TheStreet Ratings rates American Water Works as a buy. The company's strengths can be seen in multiple areas, such as its revenue growth, good cash flow from operations, expanding profit margins, solid stock price performance and growth in earnings per share. We feel these strengths outweigh the fact that the company has had generally high debt management risk by most measures that we evaluated. You can view the full American Water Works Ratings Report now.

More About Dividends:

One benefit of owning a stock is the potential that you will be paid a dividend. The distribution of dividend payments is another way for a company to share its profit with you. A dividend means that the company pays you a certain amount of money, either as a one-time payment or more commonly on a quarterly basis, for each share of stock you own.

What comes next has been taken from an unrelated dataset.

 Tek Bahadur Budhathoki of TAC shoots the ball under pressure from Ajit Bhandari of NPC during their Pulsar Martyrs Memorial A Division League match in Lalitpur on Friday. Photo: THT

Many times, dividends come at the expense of greater price appreciation, because the company is distributing its profits to shareholders rather than reinvesting the profits back into the growth of the company. However, companies that pay dividends can be very attractive to investors when they offer a steady stream of income. There are some important terms and dates an investor should be familiar with before purchasing any dividend-paying companies. Let's work through an example to help better explain some of these terms:

On March 1, ABC Widget Company has decided that because it holds excess cash and lacks investment opportunities, it would like to reward shareholders with a regular quarterly dividend payment. The date for this particular announcement is known as the declaration date. It is on this date that the company announces the specific dividend payment along with the holder-of-record date (aka record date) and the payment date. The company announces that a dividend payment of 25 cents per share will be payable March 31, 2012 (the payment date) to all shareholders of record at the close of business on March 16, 2012 (holder-of-record date). What does this all mean? Well the short story is that the company looks at its records on March 16 and anyone listed on the books as an owner of ABC Widget company will be eligible for the dividend payment (on March 31).

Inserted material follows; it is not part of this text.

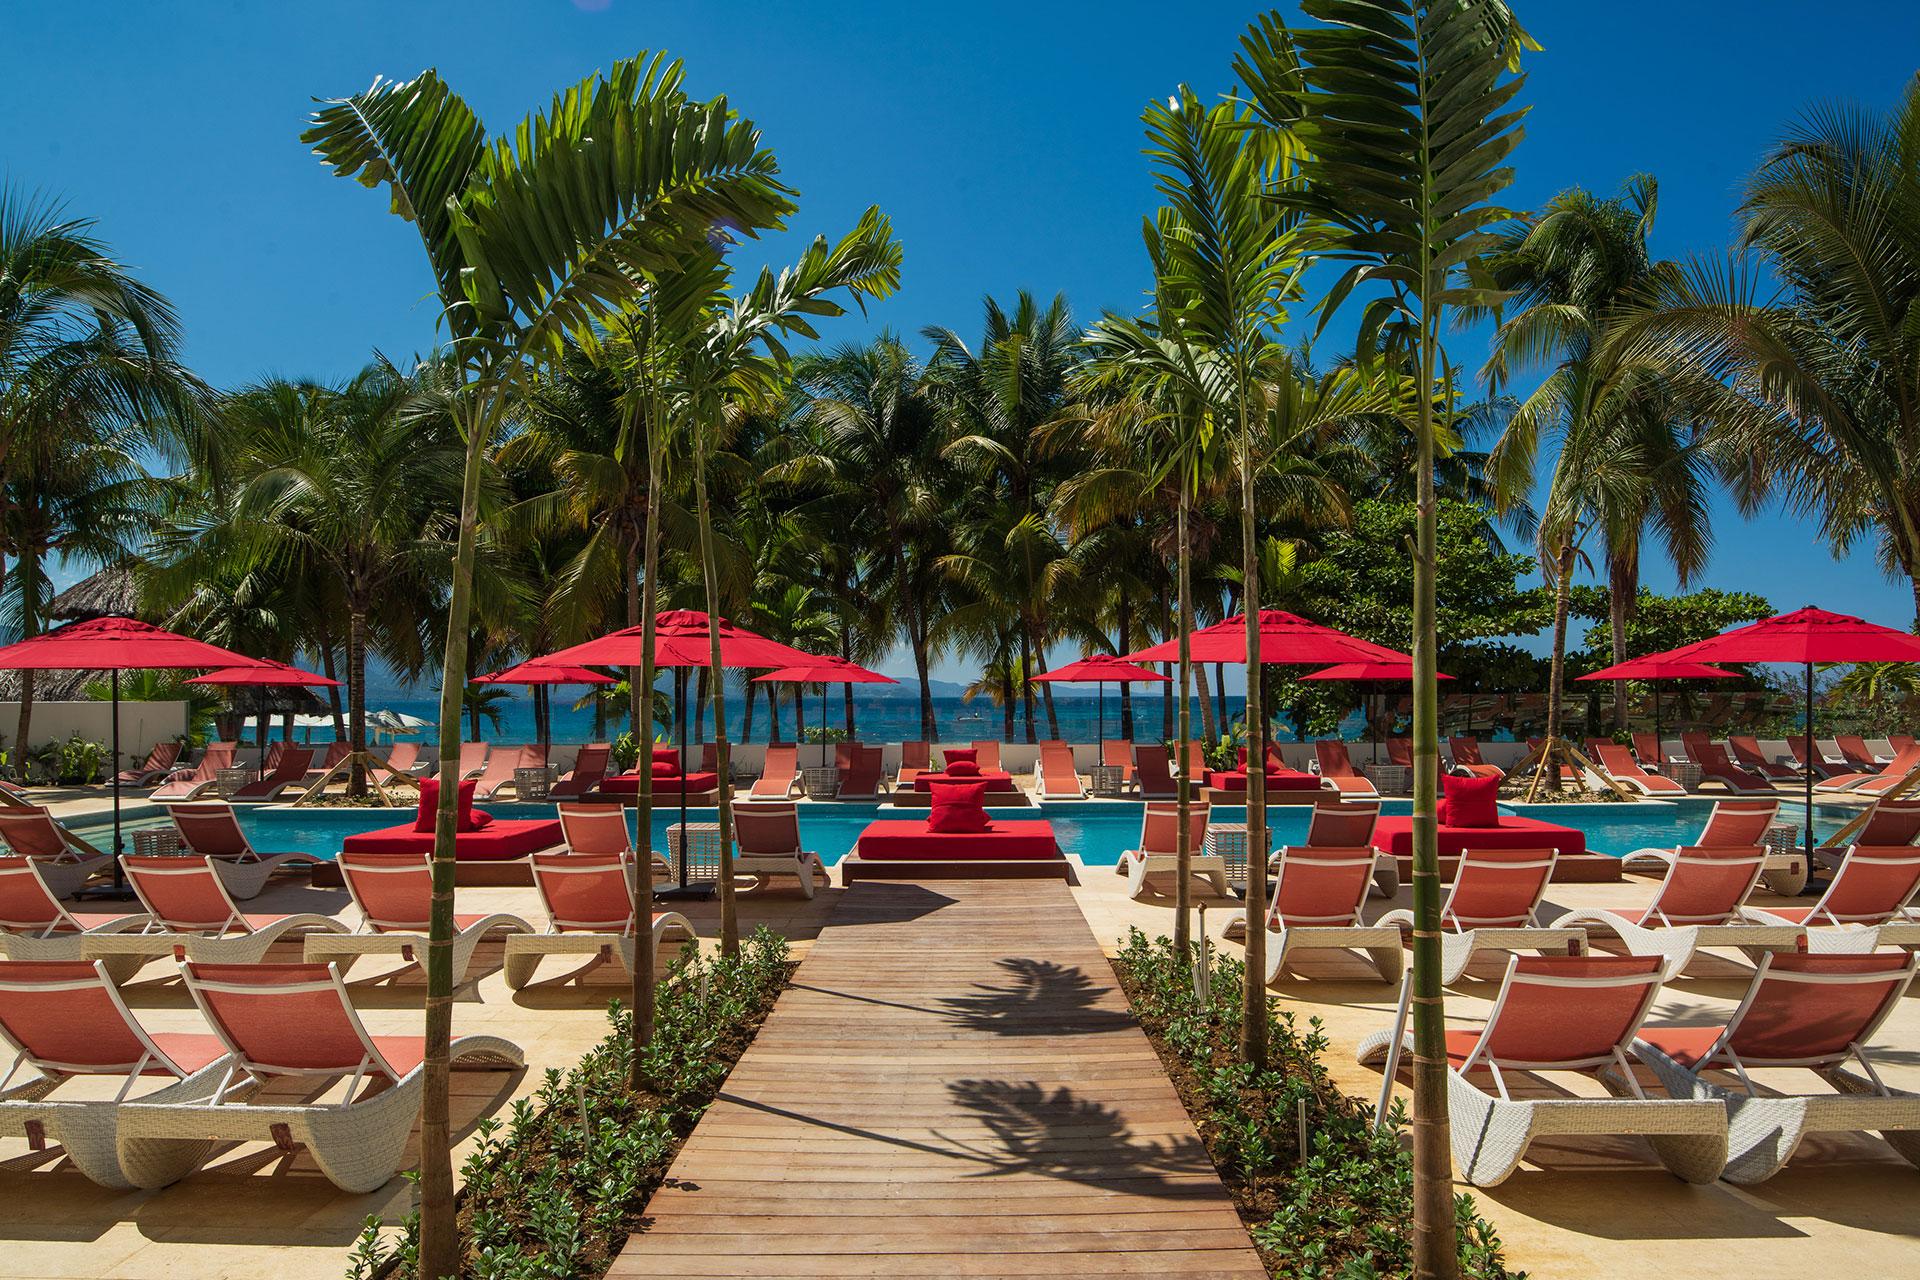 S Hotel Montego Bay Rendering; Courtesy of S Hotel Montego Bay

The one other important term to remember is the ex-dividend date. The ex-dividend date (typically two trading days before the holder-of-record date for U.S. securities) is the day in which a company begins trading without the dividend. In order to have a claim on a dividend, shares must be purchased no later than the last business day before the ex-dividend date. A company trading ex-dividend will have the upcoming dividend subtracted from the share price at the start of the trading day. Many times, the price of a stock will increase in anticipation of the upcoming dividend as the ex-dividend date approaches, yet will fall back by the amount of the dividend on the ex-dividend date.